I thus strongly encourage the authors to focus on such critical aspects in future studies to provide a thorough scientific benchmark for future applications of the model. This is more a comment than a suggestion for modifying the current publication.Small points:
Page 7, line 184: What exactly do you mean by "pushed back"? The standard approach in Lagrangian models is that particles are reflected. "Pushing back" likely leads to accumulation of air parcels at the surface or upper boundary of the model.
Page 9, line 250: Shouldn't it be | phi | > phi_max? Same issue on the next line on page 10.

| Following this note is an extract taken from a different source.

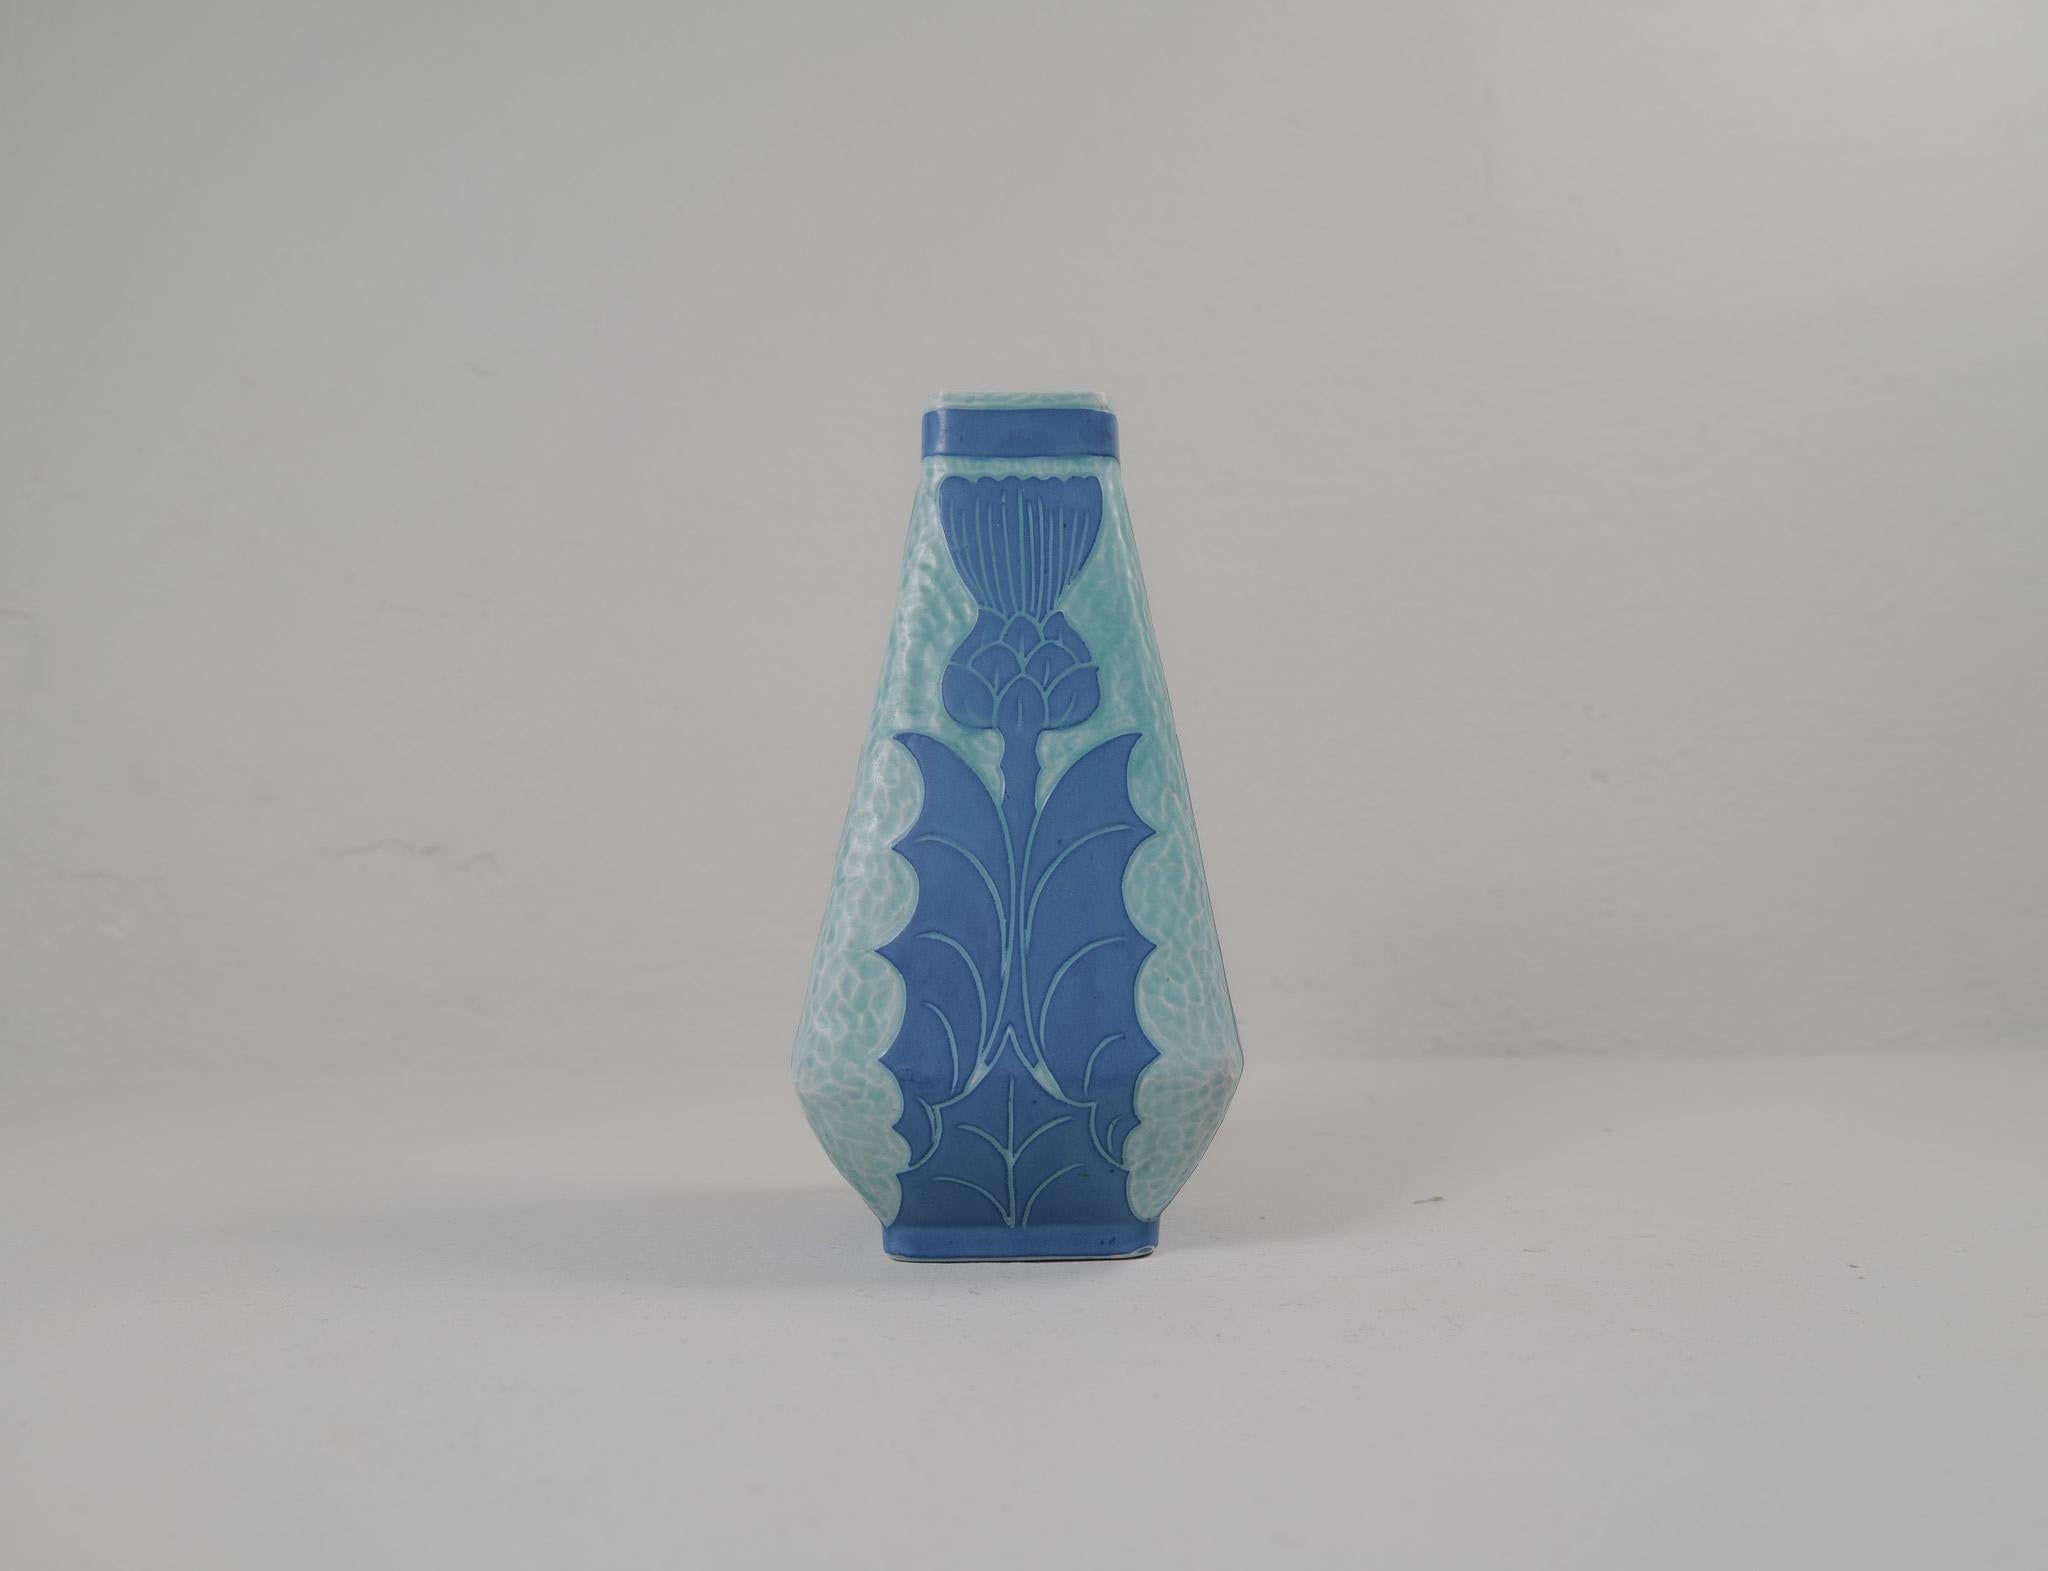 Sgraffito-Vase im Art déco-Stil mit Blumenmotiv, von Josef Ekberg für Gustavsberg.
Sgraffito ist eine Art, zwei Schichten zu einem Muster zu verbinden. Die zweite Schicht wird abgekratzt und übrig bleibt ein hellblauer Hintergrund mit einem schönen

Page 15: Convection is parameterized in an overly simplified way, since e.g. deep convection does not at all lead to uniform vertical mixing. It would be good to mention (and to consider) more advanced approaches such as Forster et al. (2007, https://doi.org/10.1175/JAM2470.1).
Page 18: Also dry deposition is described in a highly simplified way. Dry deposition does not only depend on particle or gas properties but also on the state of the atmosphere (in addition to surface properties). Also here it should be mentioned that more advanced approaches for Lagrangian models exist, e.g. Webster and Thomson (2012, https://doi.org/10.1504/IJEP.2011.047322).
Page 30: Which number of compute cores of the GPU is the most relevant number for MPTRAC? Is it the number of FP32 or FP64 cores? Later it becomes clear that it is the latter. Is double precision really needed? Did you test MPTRAC with single precision?
Figure 7: The differences between GPU and CPU simulations presented in panels b), d) and f) are likely due to statistical noise. This could be shown by performing multiple CPU simulations with different random seeds and evaluate the differences in the same way as the differences between CPU and GPU.
Section 3.7: I didn't quite understand this scaling test. Why does the runtime shown in Fig. 11 not decrease with the number of MPI tasks? What is the difference between a weak and a strong scaling test?
Small corrections and typos:
Page 11, Line 272: Change to "The following choices are made .."
Page 23, Line 500: shouldn't it be "interpreting" rather than "interpolating"?
Page 30, line 678: "MPTRAC was build" -> "MPTRAC was built"
Page 40, line 830: "33% if the overall runtime" -> "33% of the overall runtime"
Page 40, line 857: It should be Figs. 10a and b rather than 9a and b.